Cumhurbaşkanımız ise bu çabayı başlatan kişilerden çok kötü tavsiyeler almaya devam ediyor. Neler olduğunu anlamak için tarihe bakalım. Saddam Hüseyin, dünyanın o bölgesindeki diğer tüm zorbalar gibi bir zorbaydı. Goggle Hama Katliamı ve Suriye liderliğinin 1982’de on binlerce kişiyi nasıl öldürdüğünü göreceksiniz. Mollalar İran’ı ele geçirip Şah’ı devirdiğinde, sonuç olarak belki birkaç yüz bin kişi öldü.
Tüm bölgenin tarihi bir şiddet, istikrarsızlık, anarşi ve belirsizliktir. Bu basit cümleyle Cumhurbaşkanlarımızın Irak’ta bir demokrasi kurmak istemesinin neden işe yaramayacağını anlayacaksınız. Orta Doğu’daki her ülke, üyeleri birbirine karşı toleransı düşük olan ve doğası gereği değişken olan bir toplumu yöneten istikrarsız bir rejime sahiptir.
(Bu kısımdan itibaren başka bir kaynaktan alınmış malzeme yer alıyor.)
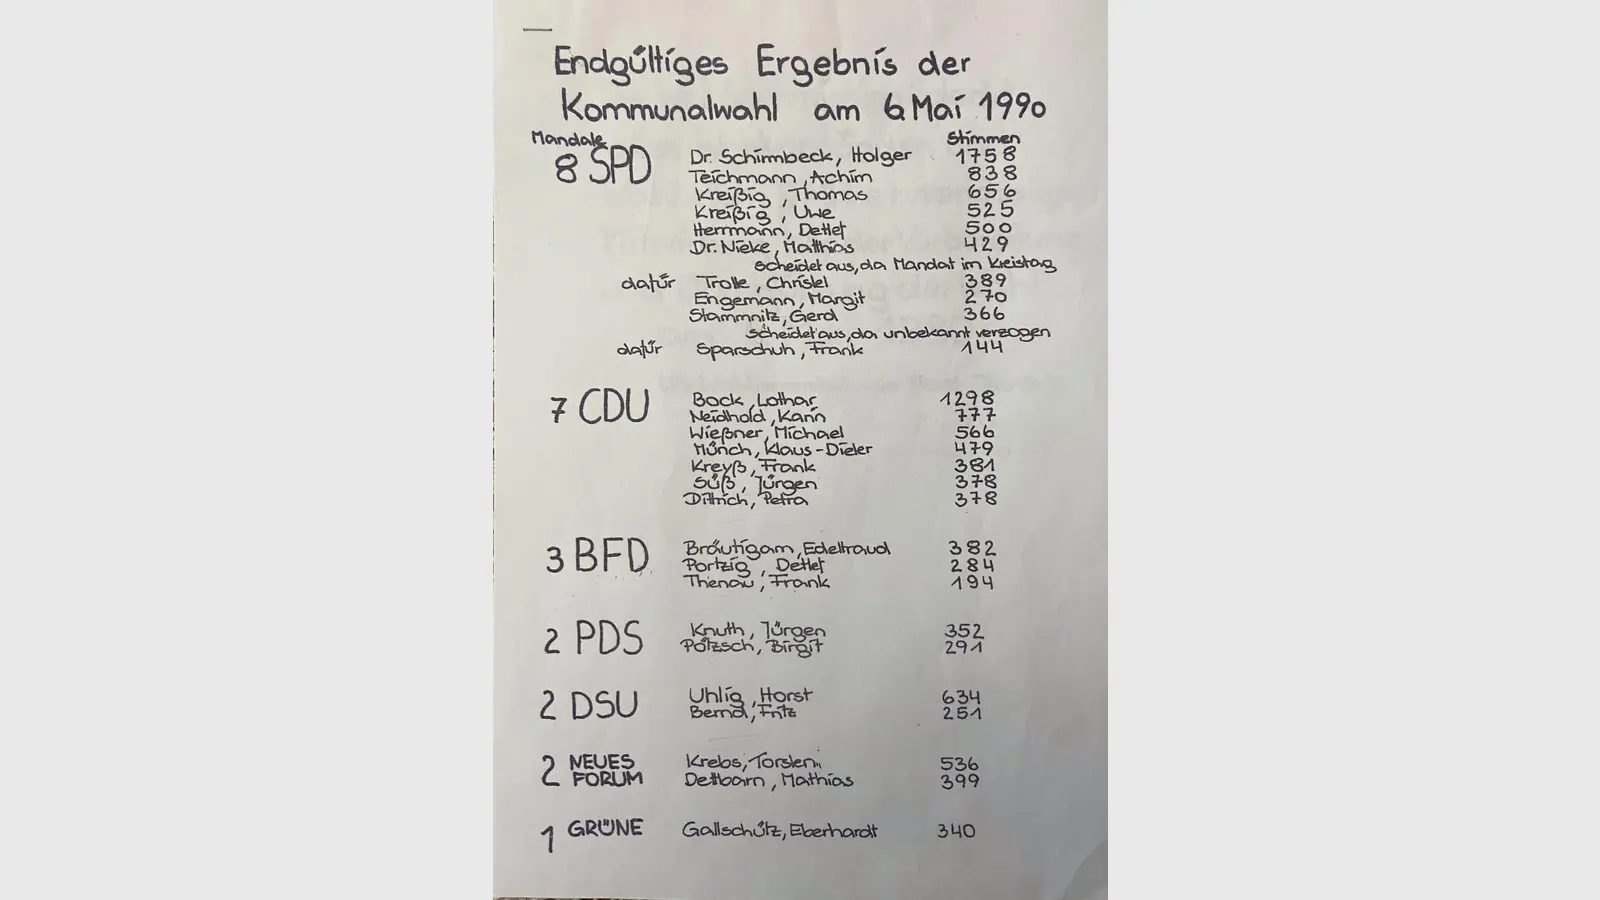 Die Ergebnisse der Kommunalwahl von 1990 bewahrt Thomas Kreyßig in einer Mappe auf. (Foto: taucha-kompakt.de)

Başkanımız, demokratik ilkelerimizi Irak halkına dayatmada başarılı olsaydı bile, savaşan gruplar arasında yeni bir denge kurulacağından, tüm sistem zorunlu olarak birkaç aydan bir veya iki yıla kadar dağılacaktı.
Bu George Bush’un hatası değil. Irak’taki günlük durumun gerçekliği konusunda yanlış yönlendirilmesine izin verdi. Danışmanları onu sefil bir şekilde yüzüstü bıraktılar ve danışmanlarını ne ile uğraştığını anlayacak kadar çabuk değiştirememekle Amerika’da başarısız oldu.
Kongre değil, tüm Amerikan Başkanlarının öncelikli amacı, ülkemiz için çıkarlarımızın ne olması gerektiğini belirlemektir. O halde Başkan, çıkarlarımızı ilerletmek için politika oluşturmalıdır. 1990’daki ilk Irak işgalinin Sovyetler Birliği’nin çöküşünden kısa bir süre sonra gerçekleşmesi tesadüf değil. Bu noktaya kadar Ortadoğu politikamız Sovyet nüfuzunu ve PETROL ZENGİNİ Ortadoğu’nun egemenliğini önlemekti.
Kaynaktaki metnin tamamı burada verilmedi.